Setting up postfix for redirecting bounced emails is actually very easy, but I have to say that the documentation is total crap in that regard. Also most of the posts I found about it are blatantly wrong! They often speak of using VERP, which is a cheap way of knowing to whom the email was sent. But that means you need to have hundred of emails and it causes problems with greylists. Also some mail systems do not correctly support VERP.
First you want to make sure that the snapbounce package is installed. You may check for the availability with:
snapbounce --version
The real way to fix this problem is to setup your postfix MTA correctly. That means setting it the following way:
notify_classes = bounce, ... bounce_notice_recipient = bounces@snapwebsites.org transport_maps = hash:/etc/postfix/transport.maps
The notify_classes needs to at least include bounce.
The bounce_notice_recipient is set to any email address that is to be used whenever an email gets bounced. It also appears in the transport.maps file as shown below.
The transport_maps links the bounce_notice_recipient to a script defined in the master.cf file.
bounces@snapwebsites.org snapbounce:
Here we find the email defined earlier with bounce_notice_recipient in /etc/postfix/main.cf.
The email is followed by the name of the service, snapbounce, to start when the email is matched. You may use any name that does not clash with an existing postfix name. To see the existing names, you can edit the next file: /etc/postfix/master.cf.
Since we reference the file with hash, we have to compile it.

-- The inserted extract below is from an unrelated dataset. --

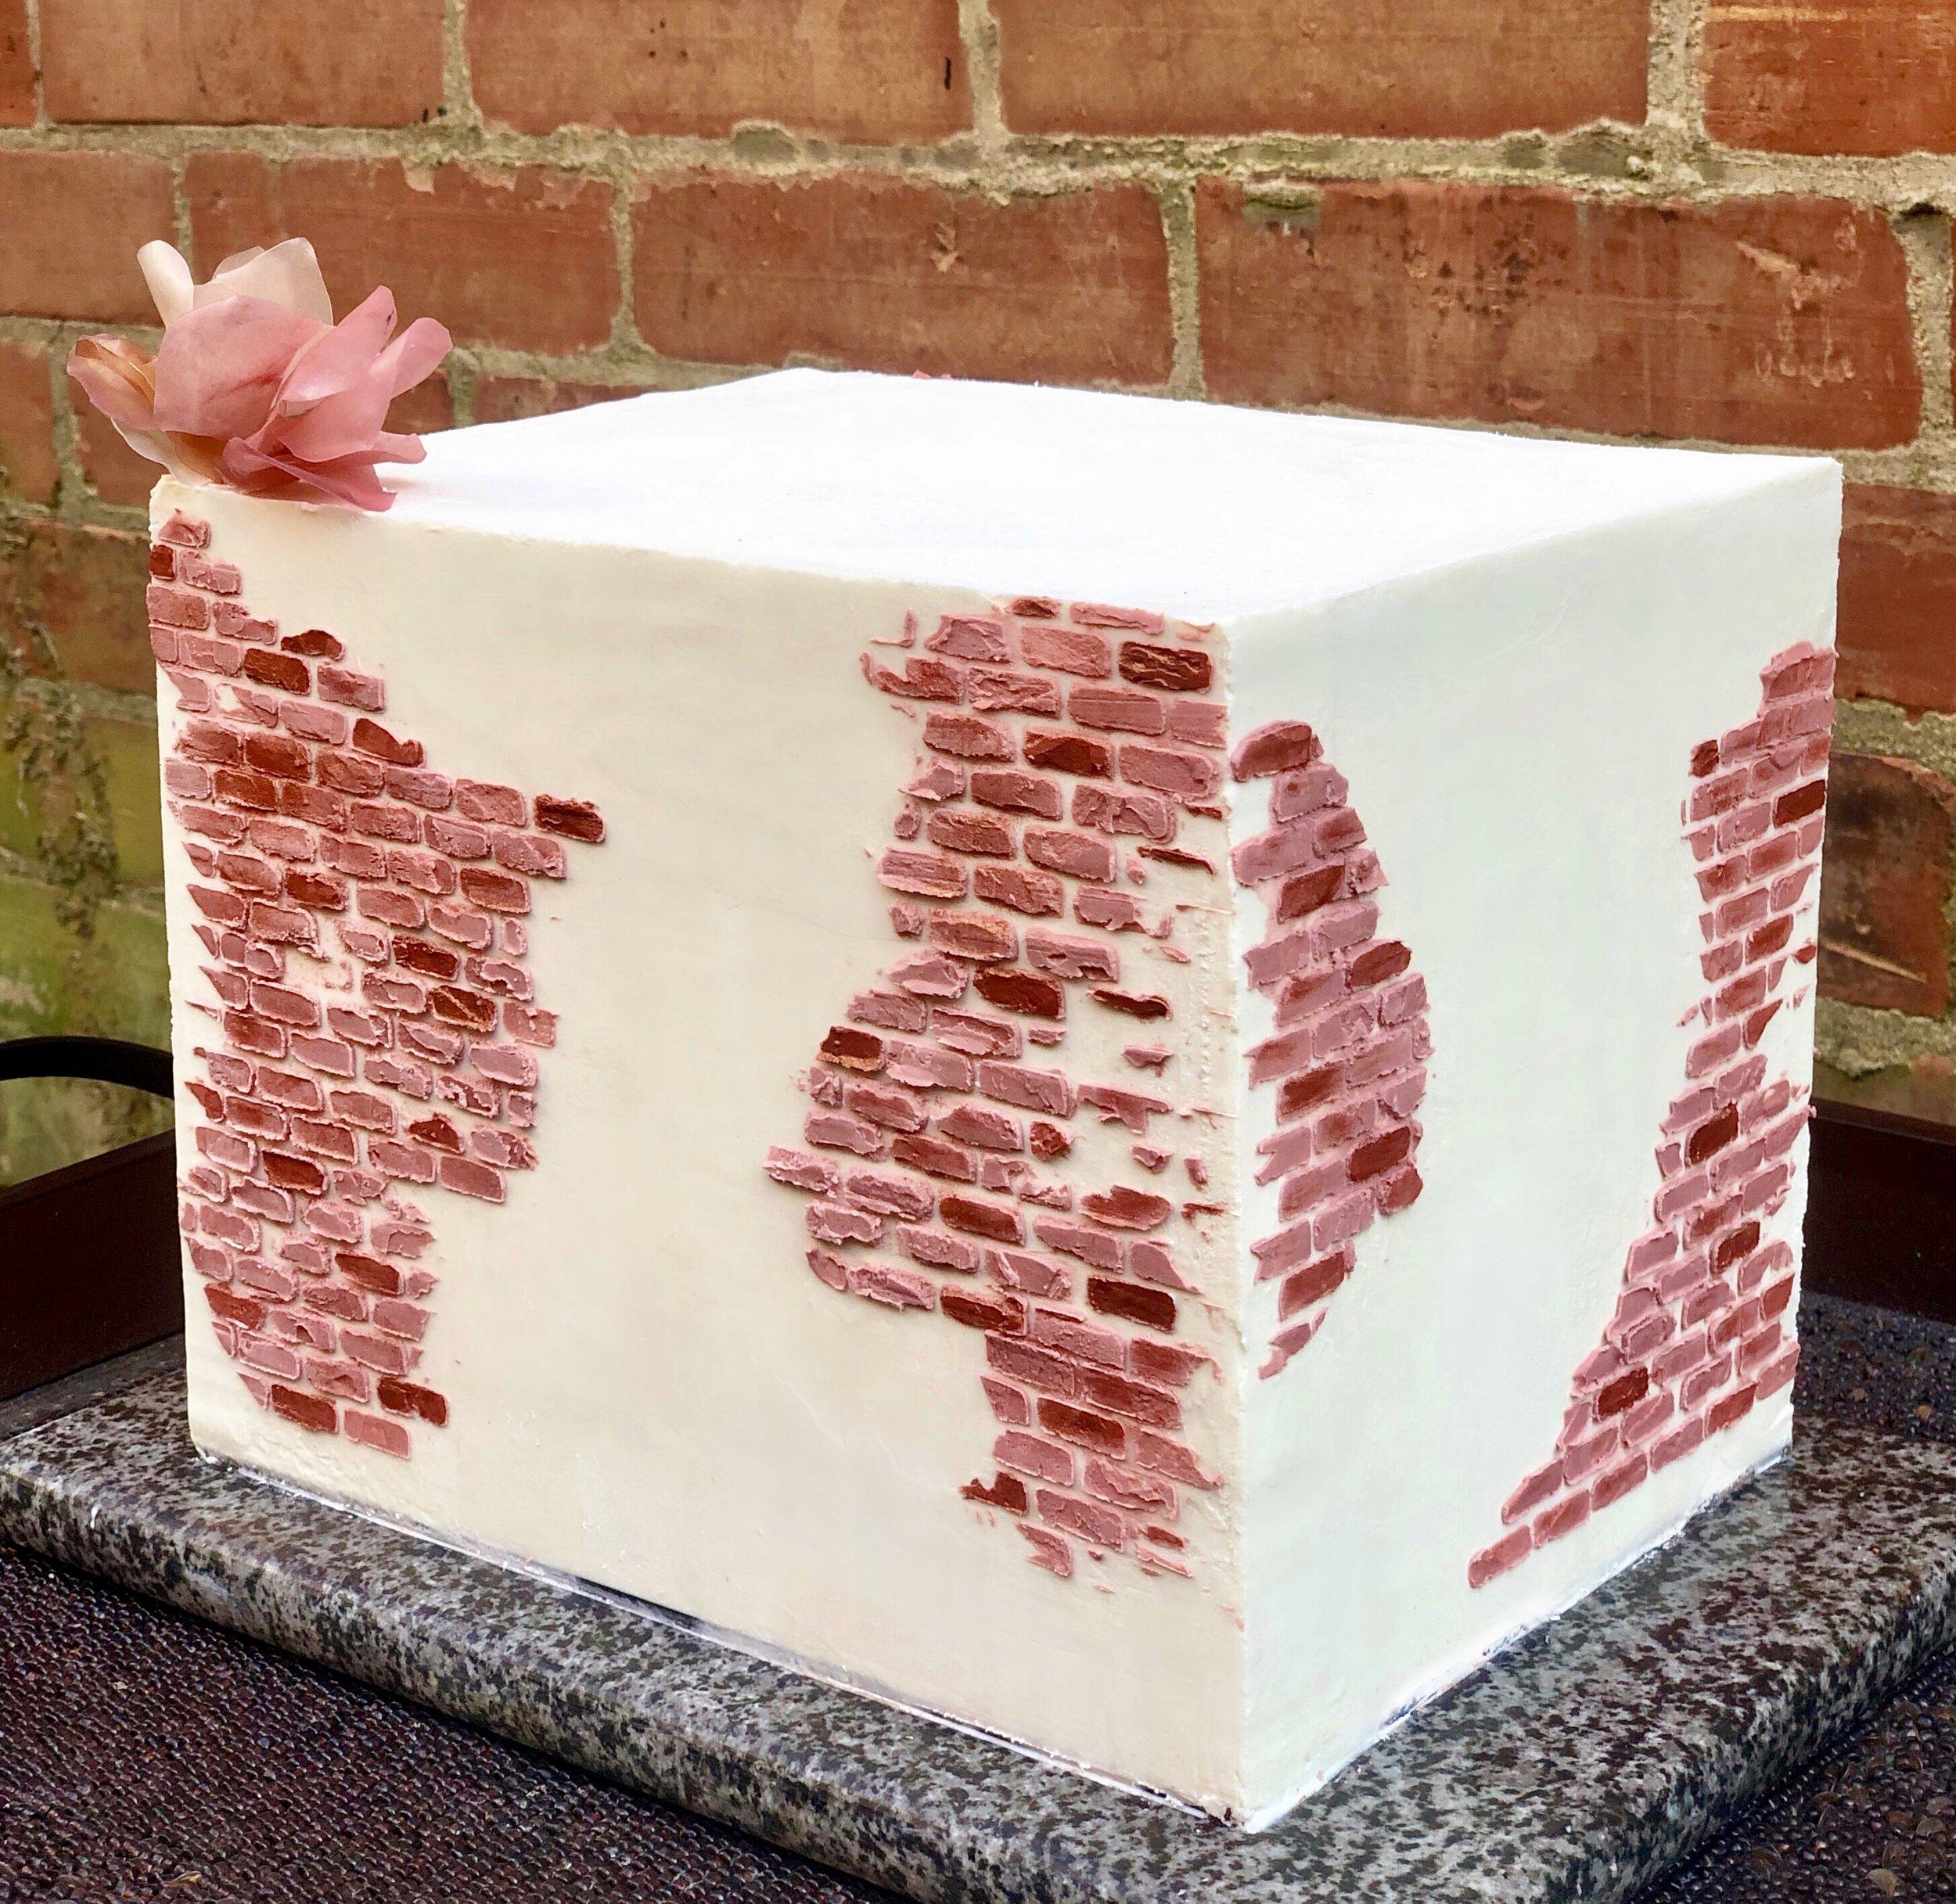 Brick cake.jpg

This is done with:
postmap /etc/postfix/transport.maps
I suggest you leave a comment in the file so you do not forget to re-run postmap if you edit the file again:
# After changes to this file, run:
# postmap /etc/postfix/transport.maps
bounces@snapwebsites.org snapbounce:
# service type private unpriv chroot wakeup maxproc command + args # (yes) (yes) (yes) (never) (100) snapbounce unix - n n - - pipe flags=FRq user=bounce argv=/home/bounce/bin/snapbounce --sender ${sender} --recipient ${recipient}
Here we see that the name of the service, snapbounce, is the same name we used in the /etc/postfix/transport.maps file.
Once all three files are properly setup and the transport.maps compiled, you may restart the postfix service to make sure all the changes are taken in account. Now test sending invalid emails and see that bounced emails appear in the database in the emails table under the bounced row.